The greatest pressure was on young, growing families, many of whom were first home buyers. DFA found that 83 per cent of households in that demographic Australia-wide were in mortgage stress and 59 per cent in rental stress.

It was likely to get worse with the Reserve Bank Board expected to announce another 0.5 per cent increase to its benchmark cash rate, which was likely to be passed on by lenders.

DFA’s Martin North said the message from the survey was that mortgage stress was “alive and well and taking no prisoners”.

“A total of 1.7 million households are in mortgage stress (nationally). That’s the highest number I have ever seen,” North said.

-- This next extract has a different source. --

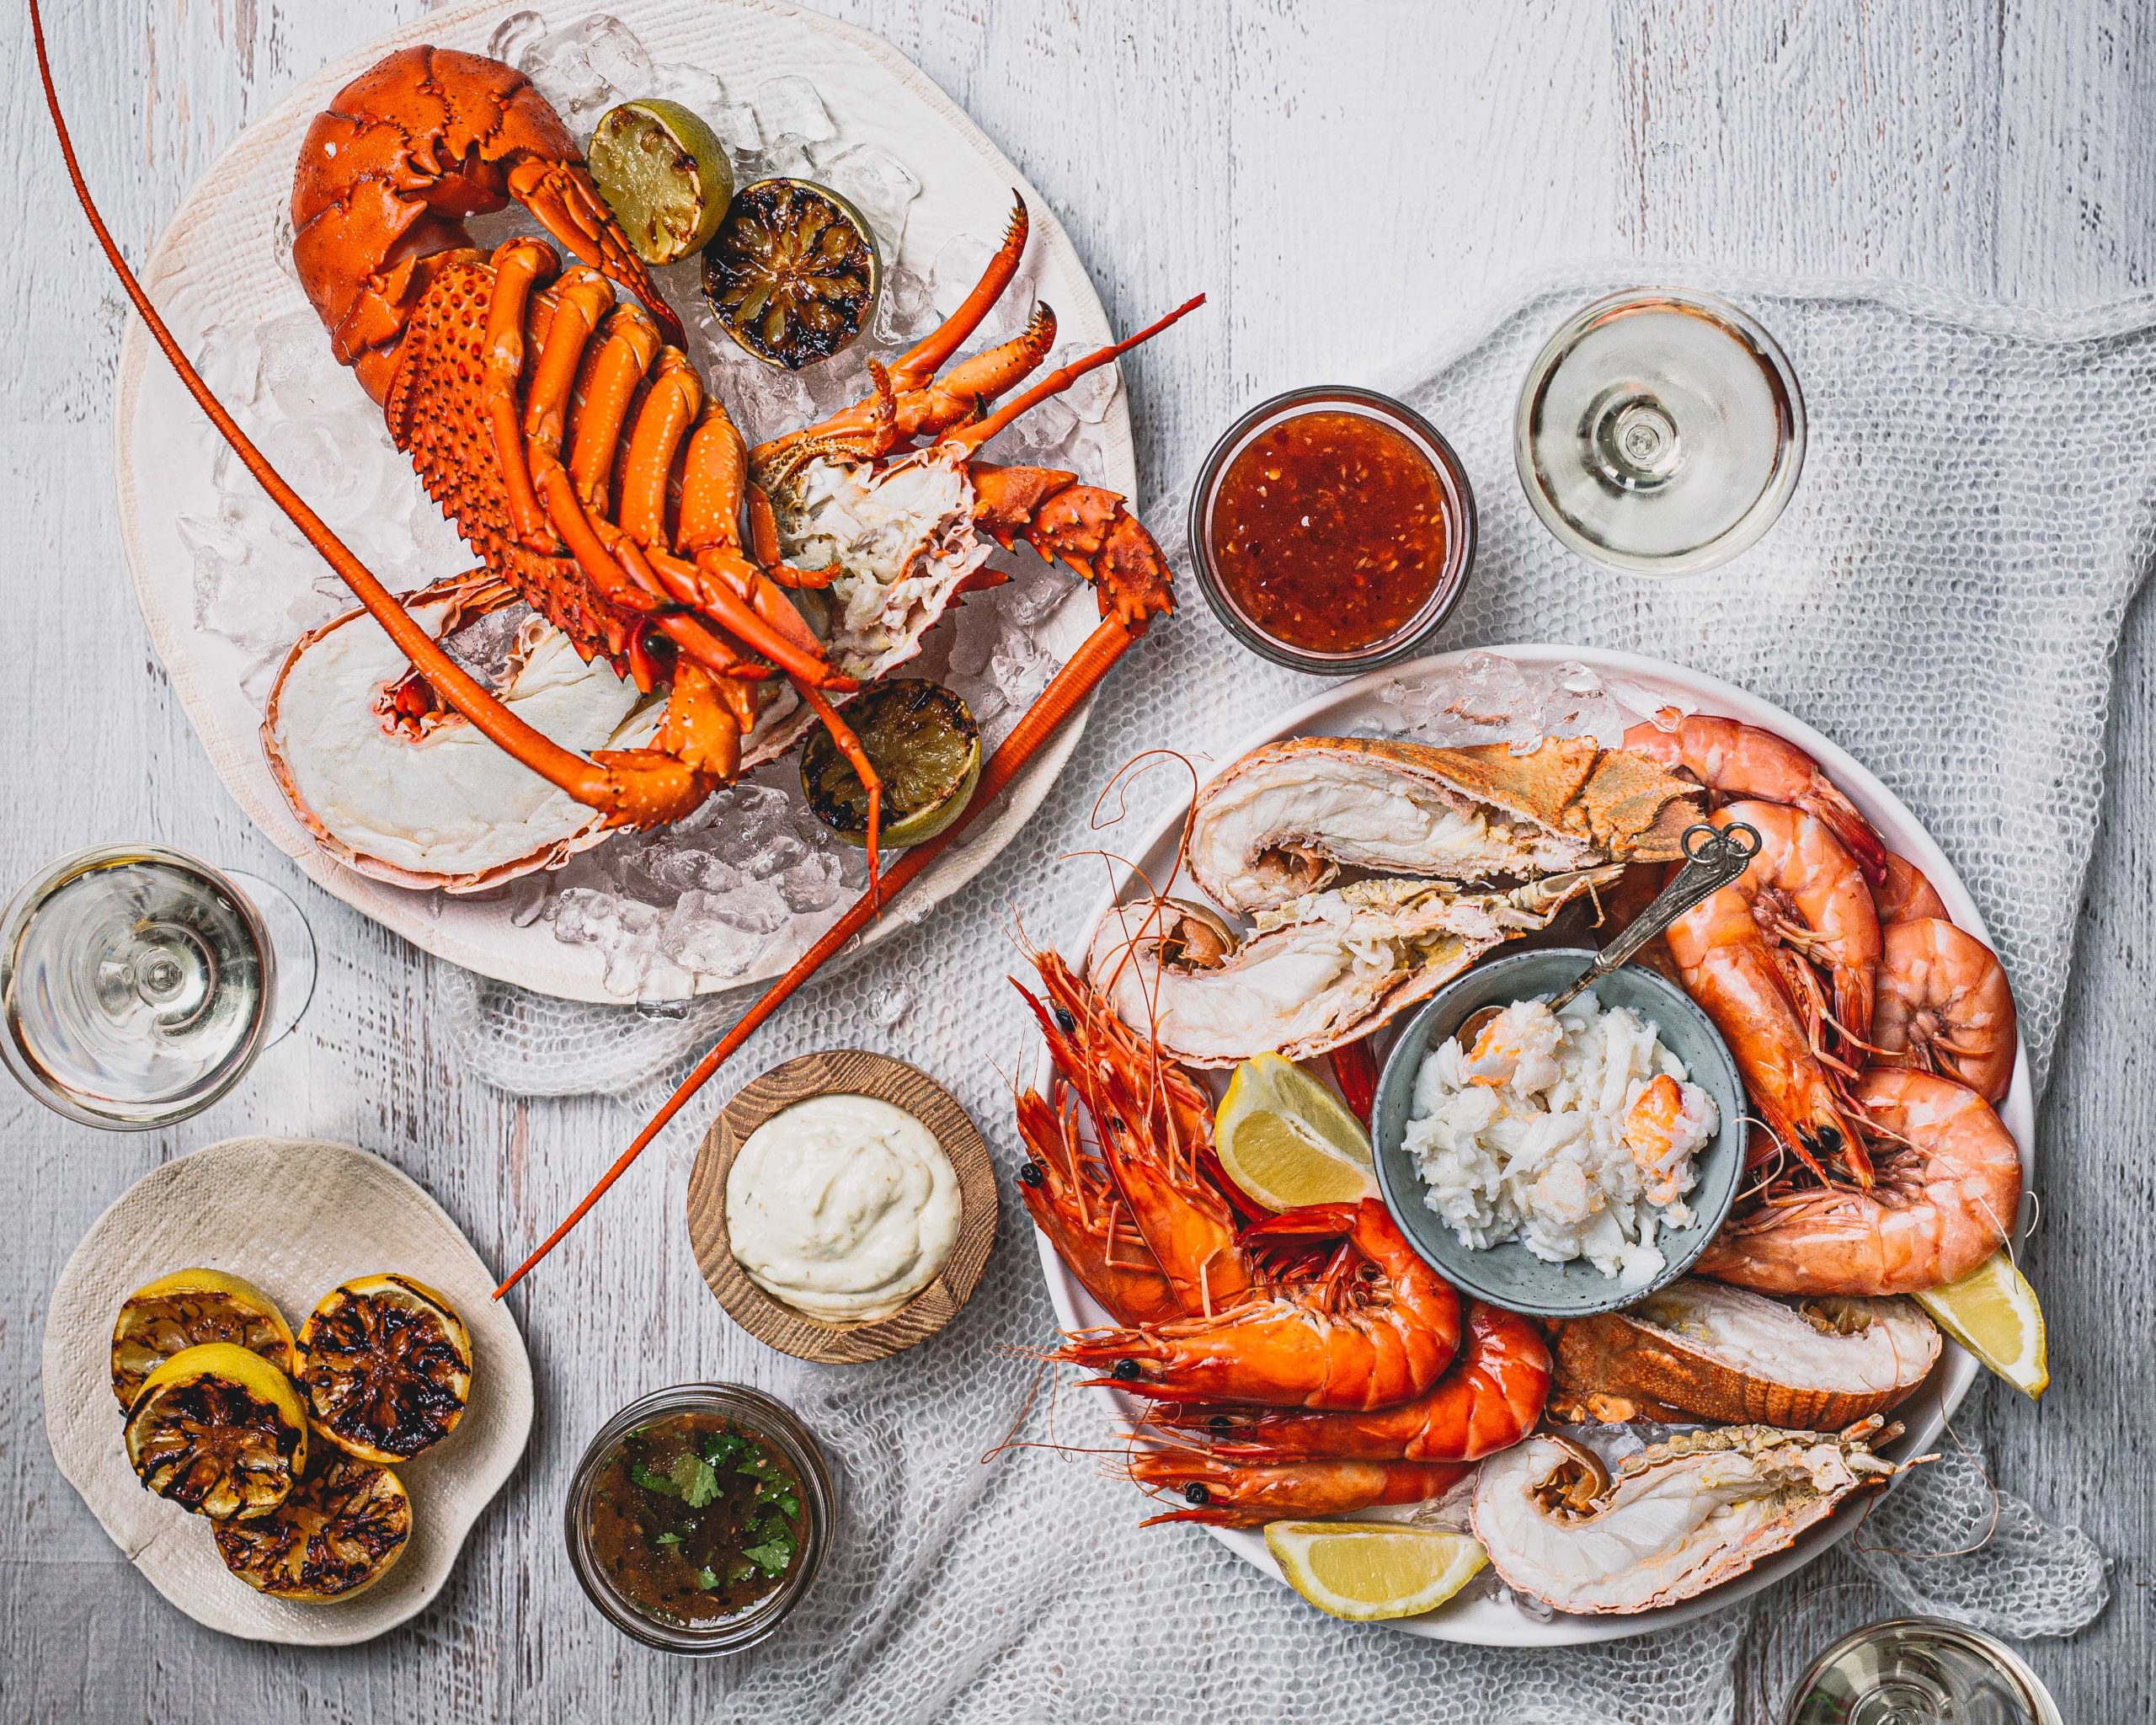 You are currently viewing ‘Celebrate with Australian seafood’: Australian seafood availability and price guide for Christmas 2021

“More than half (50.4 per cent) of those in the rental sector are struggling to make their payments and also manage their other expenditure. That is troubling indeed.”

The greatest stress was being felt in southern states and the ACT, but North found that in Queensland 292,945 households were struggling with the mortgage, 495,000 had difficulty meeting rents and 145,000 housing investors were also under stress.

The places with high rental stress in Queensland were Toowoomba, Milbank (around Bundaberg), Benowa (Gold Coast), Labrador (Gold Coast) and Basin Pocket (Ipswich).

Overall, 45 per cent of Australian households were in mortgage stress in July compared with 32.9 per cent in February 2020.

North defines stress as a household with more money going out than coming in.

“It doesn’t mean they are going to fall over tomorrow but they are going to have to cut back on other expenditure,” he said.

“Given what we know now that interest rates are going to rise higher, that real wages are not going to grow for another two to three years and inflation is going higher than the chances are that more households are going to be struggling.”